Я знал, «когда мы были людьми», без этого романа.
«Робот» – слово, изобретенное тем же славянином Карелом Чапеком.
Пьеса «R. U. R.»
Россумские универсальные роботы захватили зеленый мир.
А что же мы хотим, чтобы жизнь дарила нам живых детей? Эка! Господь подкидывает японскую куклу с тюбиком, из которого вываливаются почти настоящие какашки.
Человечка в журнале распяли в детском возрасте. Он не дорос до тридцати трех лет… Ах, если бы все вернуть! Козны. Бабушку. Быка Сынка. Скрягу. Египтянку…
Неужели персы жахнули кувалдой? Достали, положили на рельс. Этой «рельсой» еще омет сена давили, прессовали корм на зиму.
Персы… Прос.
Я прос… проснулся, когда из окна вагона ярко и живо било солнце.
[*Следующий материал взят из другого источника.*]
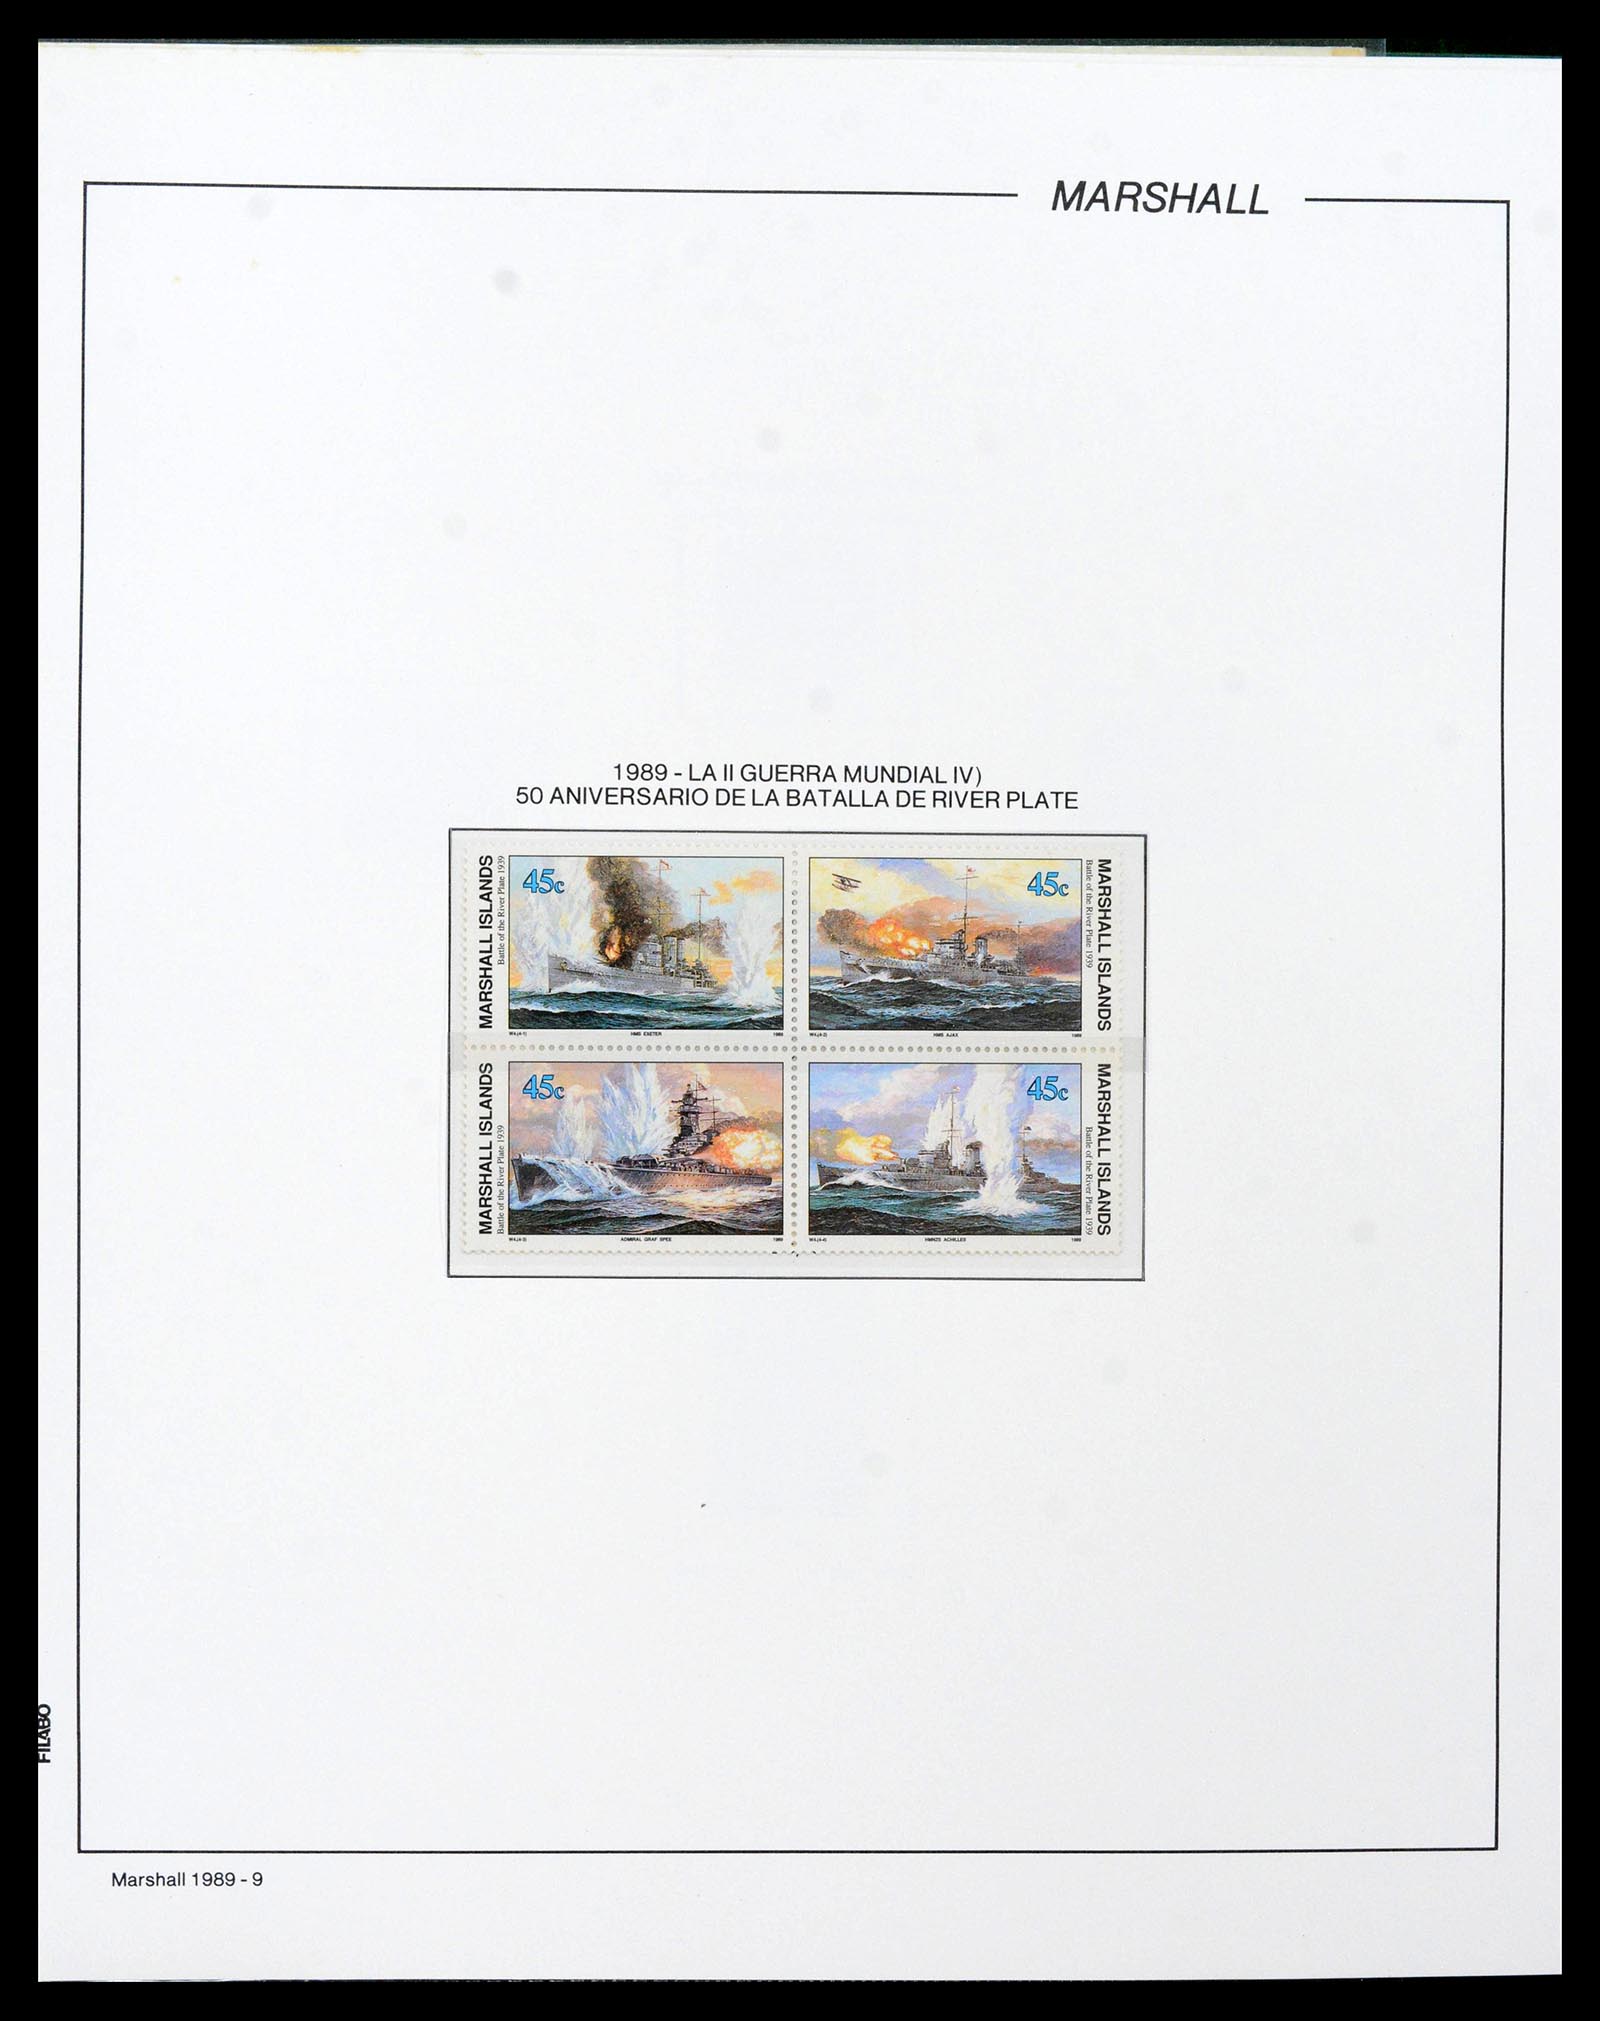 39222 0143 - Stamp collection 39222 Palau, Micronesia and Marshall islands 1980-1995.
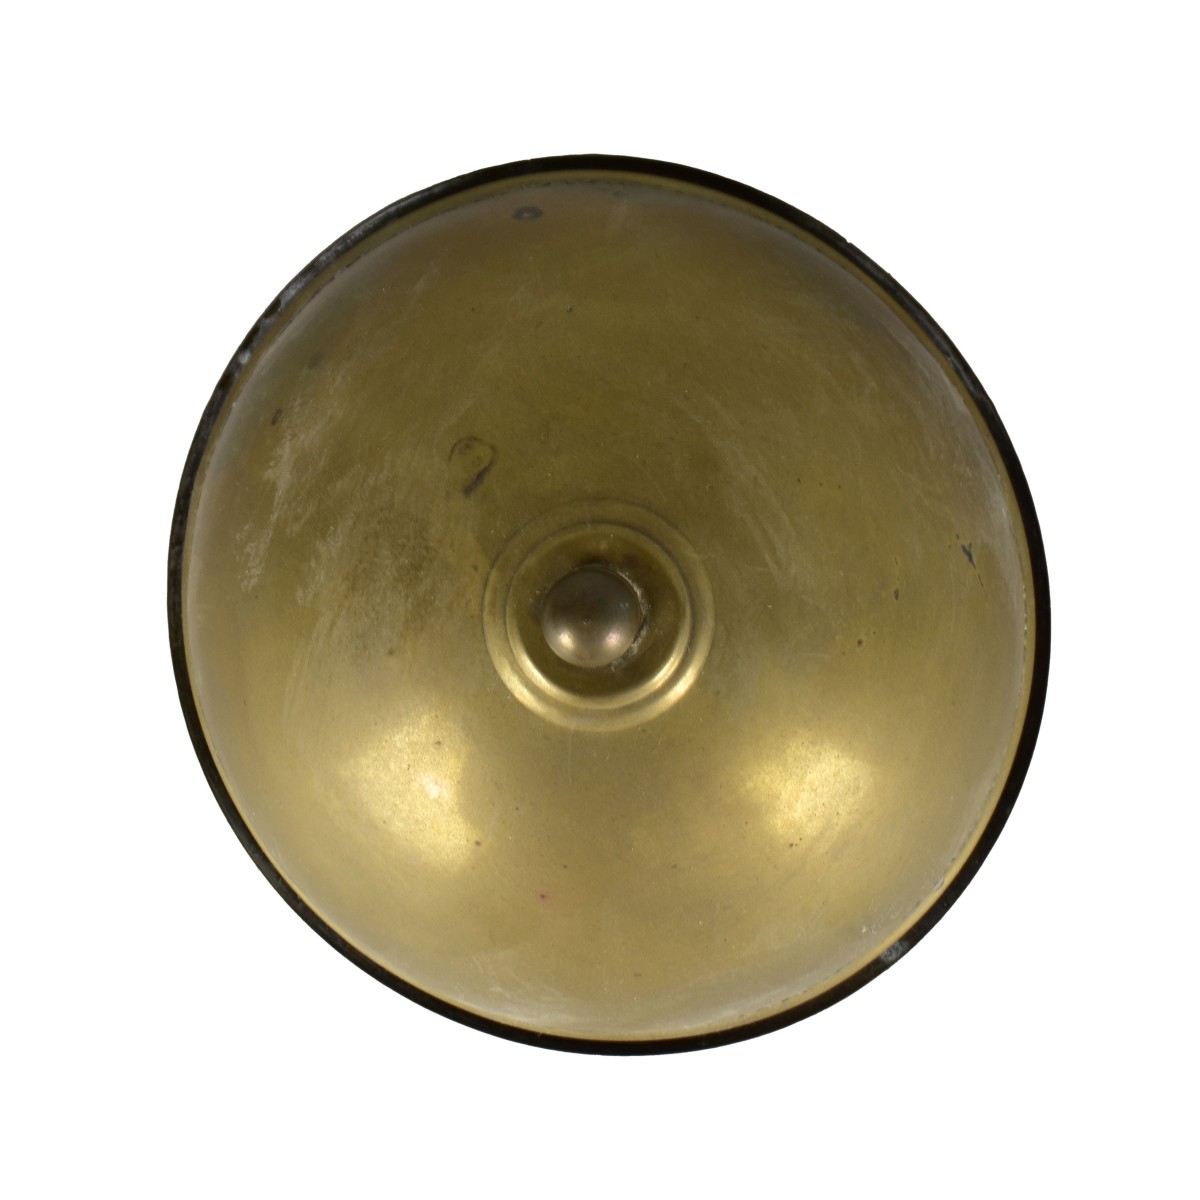 The Greist Mfg Co. Brass Lamp

Поезд не дышал. Гнусавый голос с неба сообщал, что это город Тихорецк.
Я ужаснулся: мы что, вернулись назад? Где футболисты, Челюсть, Вадим?
В проходе подметала проводница в желтой майке, на которой было написано «Салехард». По-русски. Я ее еле узнал…
– Где футболисты?
– Вышли. В Тихорецкой!
– Мы что, назад?..
– Немного назад отъехали, чтобы разогнаться, – пошутила проводница. – Ночка была темная, деревья гнулись. Сестрорецк это, Иван Петрович.
Она помнила мое имя-отчество.
Я увидел из раззанавешенного окна, как отплывает перрон, розоватое, крашенное известью здание с колоннами. Вокзал, что ли? Заметил и персов, разматывающих чалму. Мостились они на чемодане, похожем на бабушкин сундук. Говорят, самое малое в чалме – двенадцать метров материи.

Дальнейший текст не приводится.